Just for kicks, I’ve been trying to think of a way of discussing Quantum Conundrum without mentioning Portal, but that doesn’t seem to be happening today. Of course, referencing Portal to discuss Kim Swift and Airtight Games’ upcoming release is probably a good sign that we’re about to discuss a very solid title, which we are.
As with Portal, Quantum Conundrum features a series of puzzles that require the use of a rather strange device in order to solve them, and aside from the physicality of interacting with objects in this space, that’s probably where the similarities end – although there’s certainly a common thread that offers players a chance to see more in the minor details that merits mention.
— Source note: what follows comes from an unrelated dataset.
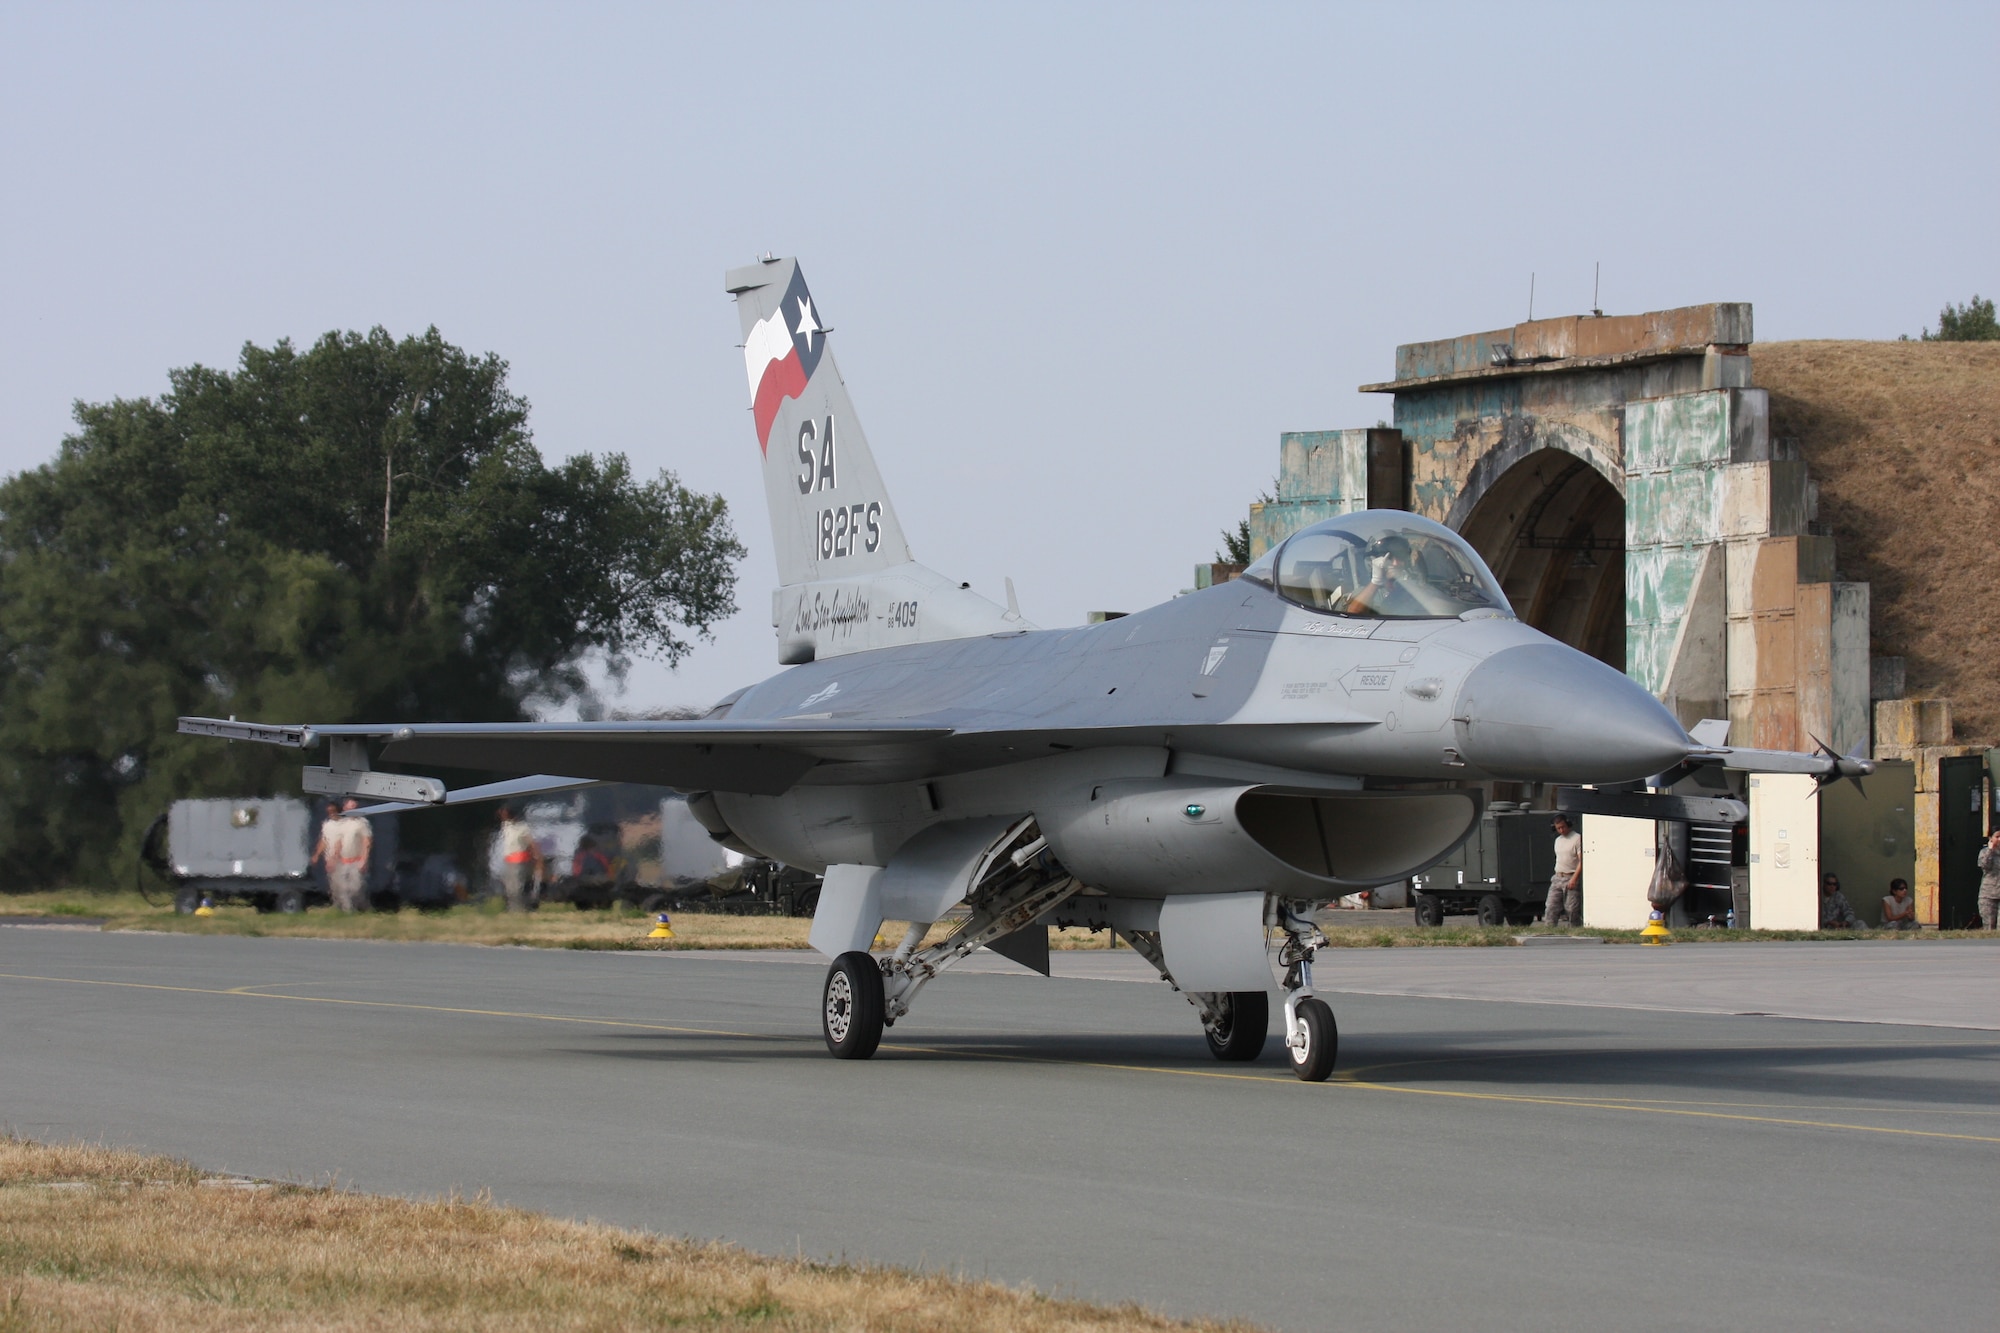 An F-16 taxis at Caslav Air Base after a flight.  Members of the Texas Air National Guard’s 149th Fighter Wing were in the Czech Republic conducting mutual training as part of the National Guard’s state partnership program.  (U.S. Air Force photo by Capt Randy Saldivar)

There’s plenty of humor to be found around the mansion laboratory, with Star Trek The Next Generation’s John de Lancie acting as a friendly and invisible guide – a much warmer disembodied voice than GLaDOS to be sure. Plenty of the books scattered around the mansion offered play-on-word titles, and as I first stepped into the “fluffy” dimension, it was impossible not to want to reach out and hug a heavy safe that now looked like a pillow.
Quantum Conundrum equips players with a device capable of swapping them between alternate dimensions, parallel universes where a major theme dictates the environment, from the aforementioned fluffy dimension where everything is soft and quilted, to a slow-time dimension where everything moves at a snail’s pace.
I picked up some important notes on flipping through dimensions, including the fact that each dimension has a fuel cell of sorts, which players will need to put inside a cylinder that holds four. This means that players will have to prepare the dimensions they may need, which on console controllers can be rather slickly switched between via the four shoulder buttons.
Airtight offered up a play-through of the reverse gravity dimension while I was visiting, which showed how players could flip between regular and reverse gravity to throw an object and have it reach across a room – as well as jump on said objects to go along for the ride in order to cross wide gaps in the environment.
I suppose if I mention the lasers and box spewing robot that this is going to sound like territory for more Portal comparisons, but Quantum Conundrum’s light-hearted aesthetics and environment shifting trickery appear to offer an evolution in the physics-based puzzle-solving department that Portal popularized. I particularly liked the minor touch that saw the paintings around the mansion change with the dimensional shifts.
On the way out I was told that Quantum Conundrum will feature fifty puzzling scenarios, and release for the PC first on June 21st, with plans to hit Xbox LIVE Arcade and the PlayStation Network this summer.